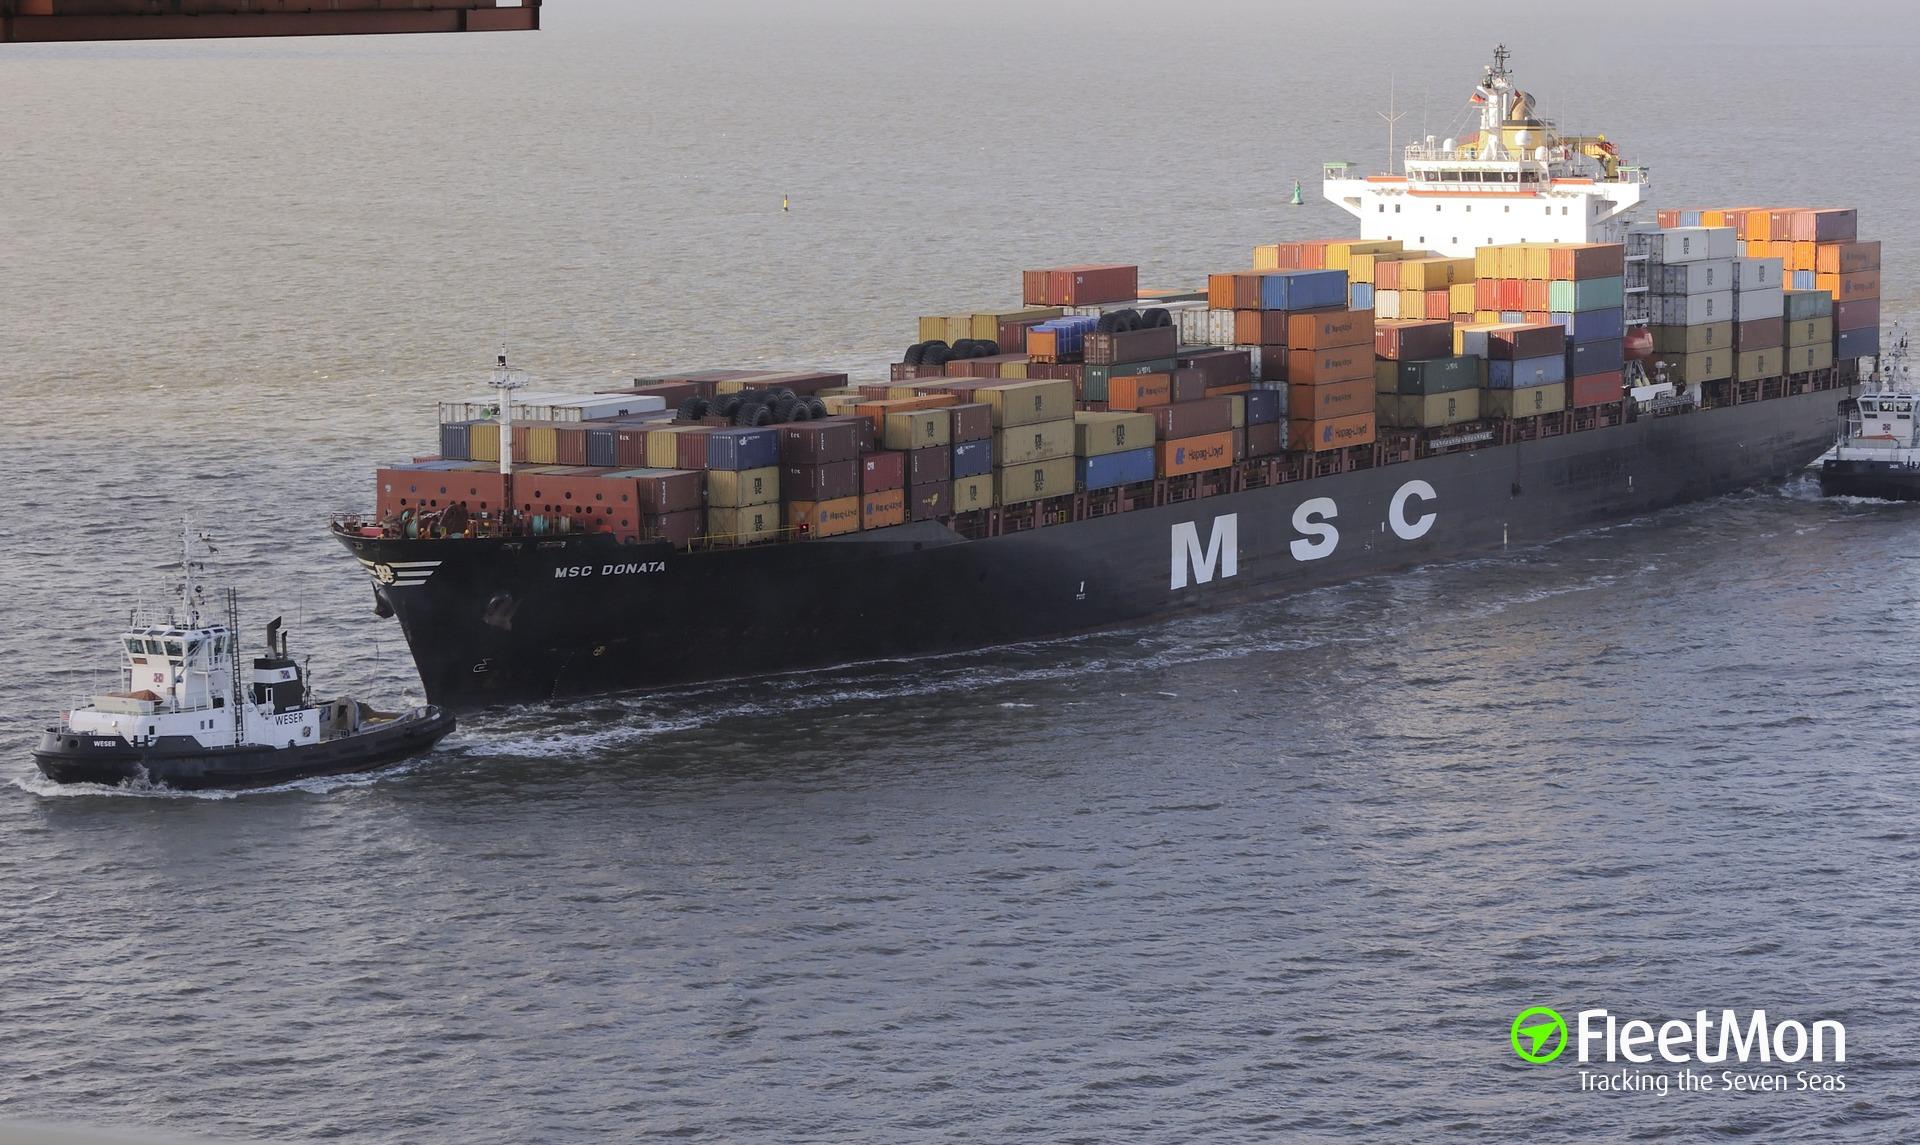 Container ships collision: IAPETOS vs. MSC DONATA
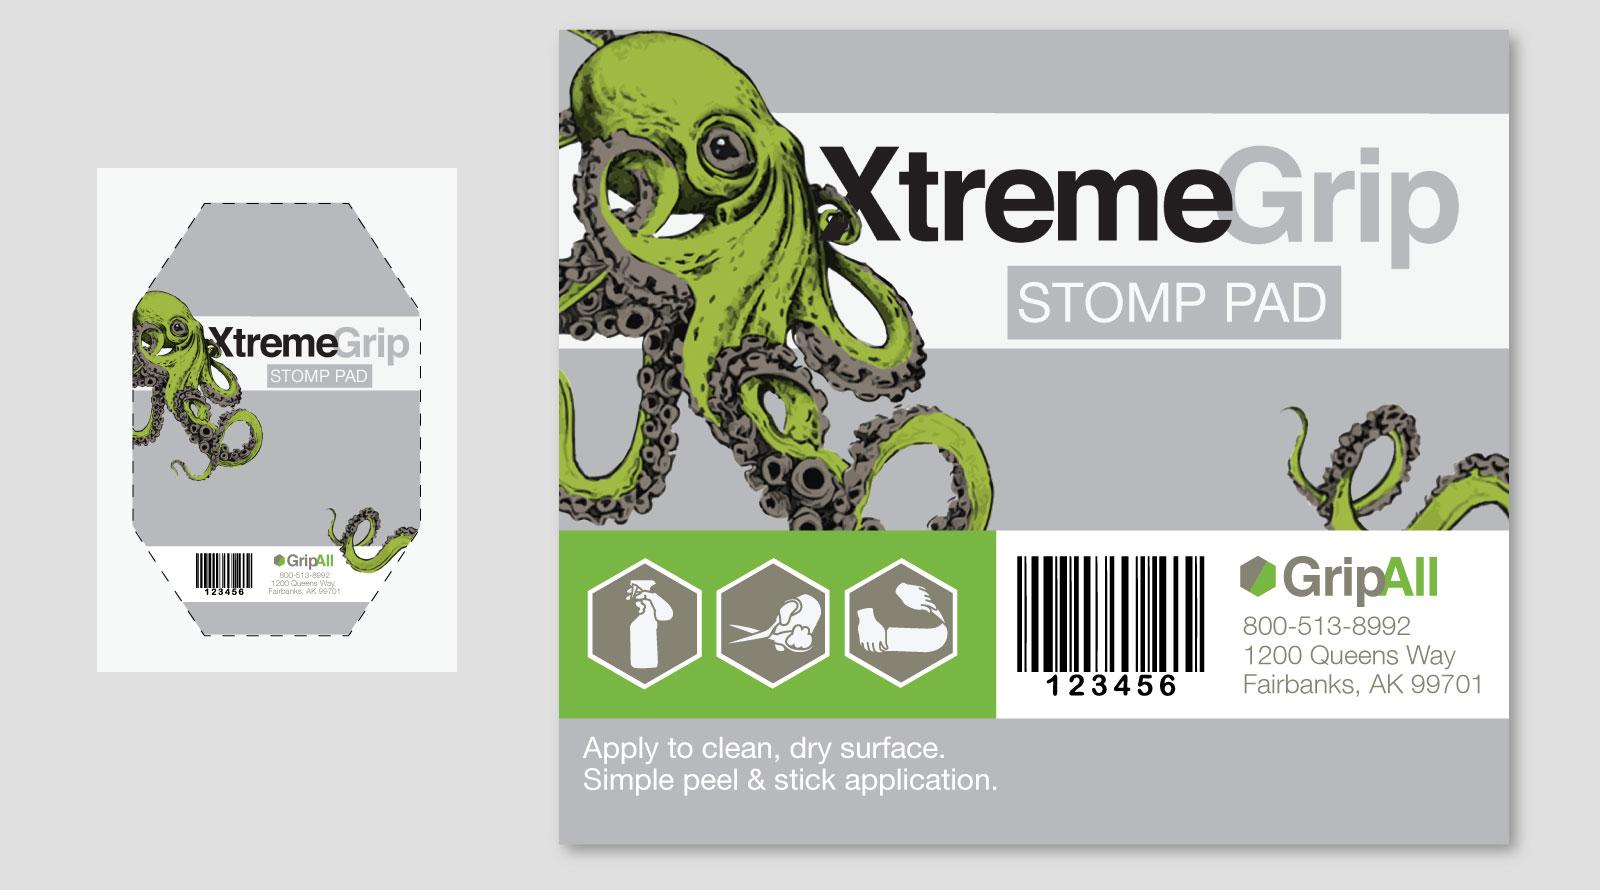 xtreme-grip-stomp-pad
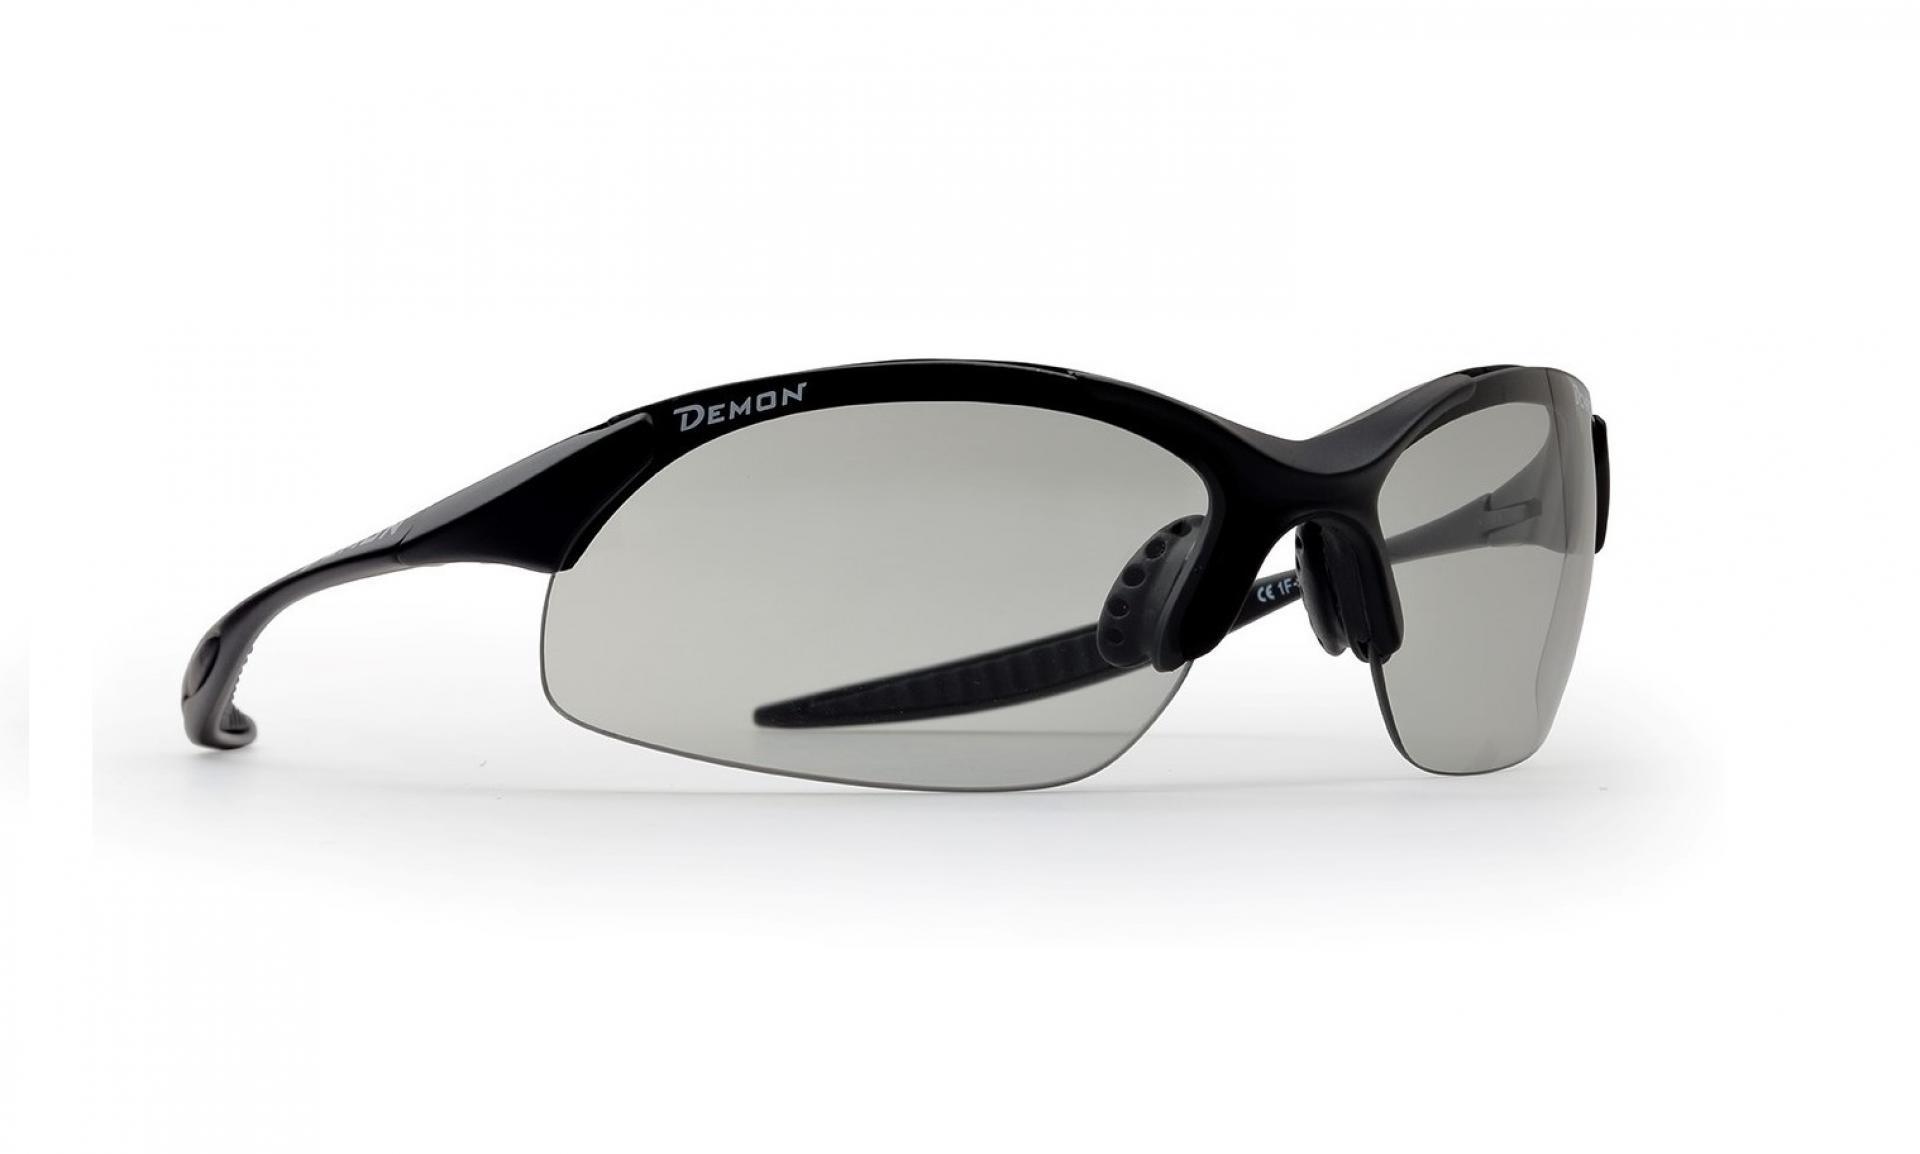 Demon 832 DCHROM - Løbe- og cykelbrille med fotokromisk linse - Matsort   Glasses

--------

== EXERCISE AIM ==
The full text of the data above, exact and without pictures, is what to return.

== RESULT FOR THIS EXERCISE ==
 Container ships collision: IAPETOS vs. MSC DONATA
 xtreme-grip-stomp-pad
 Demon 832 DCHROM - Løbe- og cykelbrille med fotokromisk linse - Matsort   Glasses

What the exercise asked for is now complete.